I\'m trying to use pandas to manipulate a .csv file but I get this error:
pandas.parser.CParserError: Error tokenizing data. C error: Expected 2 field
The issue for me was that a new column was appended to my CSV intraday. The accepted answer solution would not work as every future row would be discarded if I used error_bad_lines=False
.
The solution in this case was to use the usecols parameter in pd.read_csv()
. This way I can specify only the columns that I need to read into the CSV and my Python code will remain resilient to future CSV changes so long as a header column exists (and the column names do not change).

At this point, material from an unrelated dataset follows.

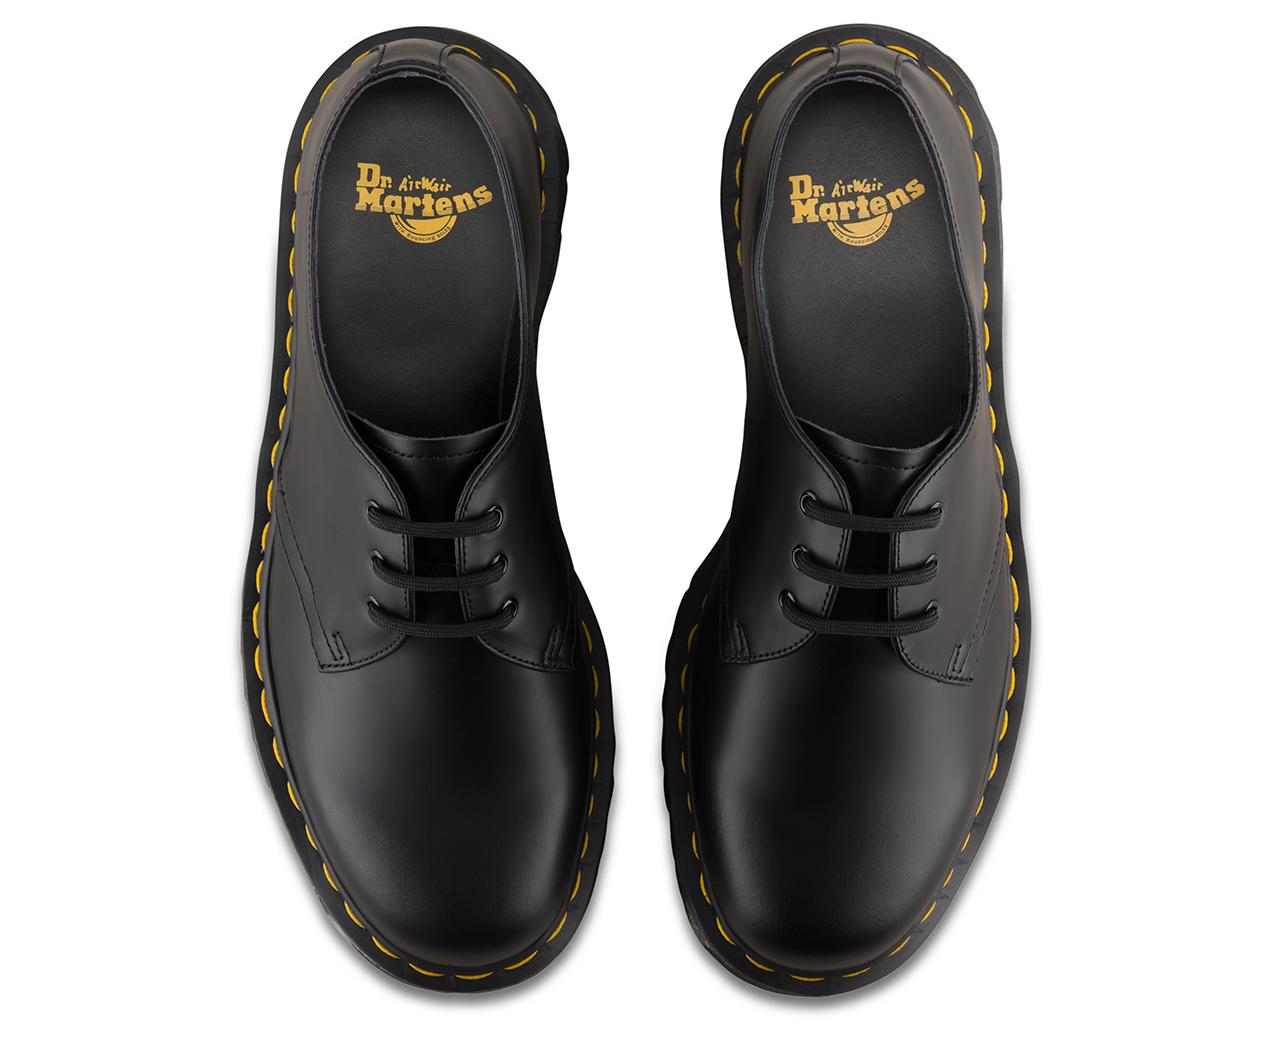 1461 Bex Men S Boots Amp Shoes Official Dr Martens Store

usecols : list-like or callable, optional Return a subset of the columns. If list-like, all elements must either be positional (i.e. integer indices into the document columns) or strings that correspond to column names provided either by the user in names or inferred from the document header row(s). For example, a valid list-like usecols parameter would be [0, 1, 2] or ['foo', 'bar', 'baz']. Element order is ignored, so usecols=[0, 1] is the same as [1, 0]. To instantiate a DataFrame from data with element order preserved use pd.read_csv(data, usecols=['foo', 'bar'])[['foo', 'bar']] for columns in ['foo', 'bar'] order or pd.read_csv(data, usecols=['foo', 'bar'])[['bar', 'foo']] for ['bar', 'foo'] order.
my_columns = ['foo', 'bar', 'bob']
df = pd.read_csv(file_path, usecols=my_columns)
Another benefit of this is that I can load way less data into memory if I am only using 3-4 columns of a CSV that has 18-20 columns.